Like any type of investment, Commercial real estate investing comes with a specific set of terminology that helps align all participating stakeholders. One key component of real estate investing definitions revolves around building classifications. In this article, we’ll cover the classifications you need to know to get started in commercial real estate investing.
What Are Building Classifications in Commercial Real Estate?
Building classifications in commercial real estate provide a succinct, high-level understanding of the property’s age, location, finishes, amenities, condition, and rental rates compared to similar types of real estate in its market.
Although the precise distinctions between building classes can vary from market to market and property type to property type, they are denoted using three letters: A, B, and C.
As mentioned above, it’s important to remember that building classifications in commercial real estate are broad guidelines that can vary in their meaning from market to market. In other words, a Class A multifamily in the heart of Miami probably looks different than a Class A multifamily in a rural Kansas town.
With that nuance in mind, let’s look at the three classes in more detail.
What is Class A Commercial Real Estate?
Class A properties are the nicest and best properties in the market. Class A commercial real estate is in excellent condition, typically built or significantly renovated within the last ten to fifteen years, located in a great part of the market, and generates the highest rent prices in the market.
Class A commercial real estate properties are often found in or close to the Central Business Districts and/or most prestigious areas of the city. They are in prominent places with the most accessibility to everything the city offers.
Due to their great physical condition and consistent cash flow supported by a high-earning tenant base, Class A properties are regarded as the least risky investment class. However, since they’re in such great condition and have little value-add opportunities, Class A properties typically don’t gain as much appreciation as other value-add investments. Nevertheless, Class A properties are still valuable and frequently appeal to “cash flow” investors who place more value on stable income than price appreciation.
What is Class B Commercial Real Estate?
Class B commercial real estate properties are one tier beneath class A properties. This does not imply that they are subpar structures; rather, they’re just not as pristine as Class A buildings, and they aren’t located in the same level of prime location as Class A properties.
Class B commercial real estate properties are generally well-maintained but may require minor upgrades due to aging. They’re often older or have not been renovated in more than 10 to 15 years. Due to their condition, these structures are frequently sought after by value-add investors because they can execute minimal renovations and increase rents for a sound investment.

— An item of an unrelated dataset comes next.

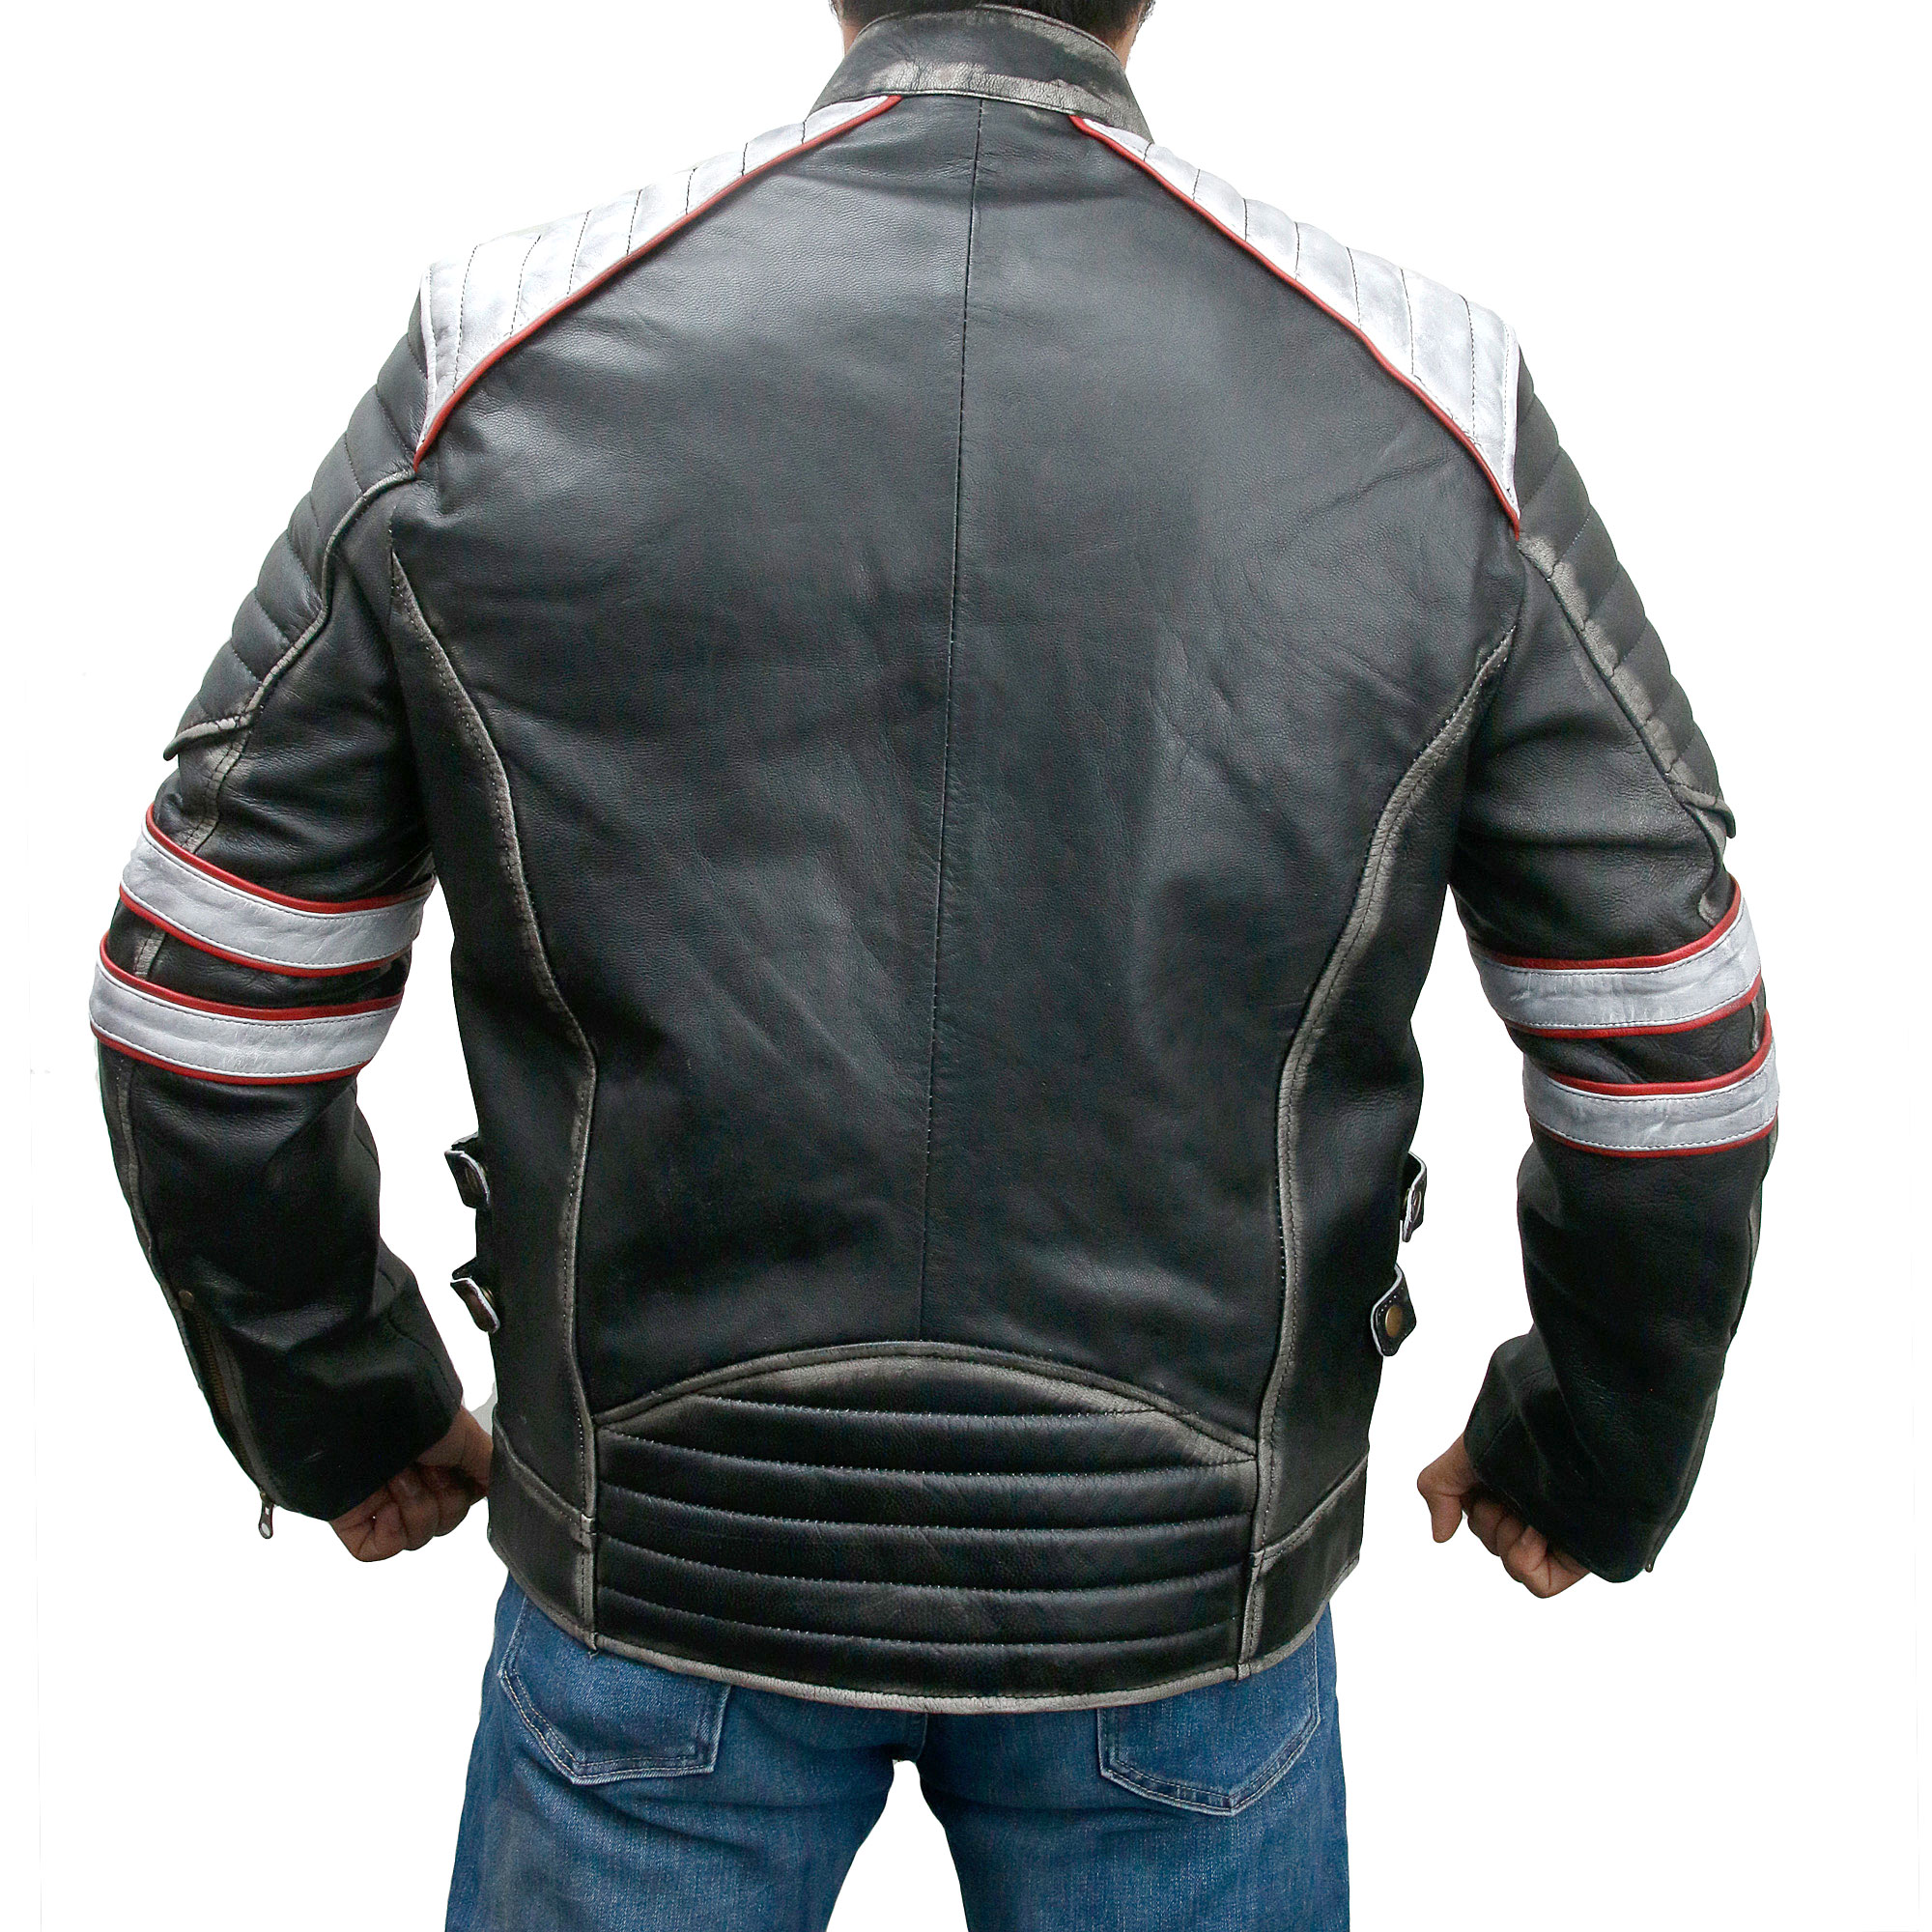 Men's Retro Style Cafe Racer Distressed Black Leather Biker Jacket

Class B buildings often have lower rents than Class A, which makes them affordable for small to medium-sized businesses and people with median incomes. Class B properties generate returns with a more even balance of price appreciation and income.
What is Class C Commercial Real Estate?
Class C commercial real estate properties are older, out-of-date, and need a medium to large renovation. Class C properties are often older than 20 years old and haven’t been updated in the last 20–30 years. The finishes on Class C properties are typically outdated and need to be replaced because they are either broken or no longer functional. Class C properties also typically need to upgrade or repair the infrastructure and mechanical systems such as roofs, parking lots, HVAC systems, and plumbing. Class C buildings often have cheaper rents than Class B, making them the most affordable commercial real estate class for small businesses and tenants with lower incomes.
Commercial real estate properties in Class C are less expensive per square foot or per unit than Class A and Class B properties, but because of the high capital investment needed for intensive renovations and the brittle nature of the tenant’s income streams, Class C properties can be riskier than Class A or Class B. Nevertheless, Class C properties can offer the highest ROI of the three classes, which makes them alluring for investors that have a high-risk tolerance and the operational know-how to select good properties and execute a large-scale renovation on budget.
How Do Building Classes Apply to Each Type of Commercial Real Estate?
If you’d like to learn more about the six types of commercial real estate and how building classes apply to them, explore the following articles:
- What is Multifamily Real Estate?
- What is Office Real Estate?
- What is Industrial Real Estate?
- What is Retail Real Estate?
- What is Hospitality Real Estate?
- What is Special Purpose Real Estate?
Why Building Classes are Important in Commercial Real Estate?
Simply said, the building class of a commercial property is important since it provides potential investors a quick way to gauge the essence of the property as well as the risk/return profile of the investment. Despite the classifications’ potential for subjectivity, there is enough consistency to make them reliable for estimation purposes and are thus widely used and broadly understood in the sector.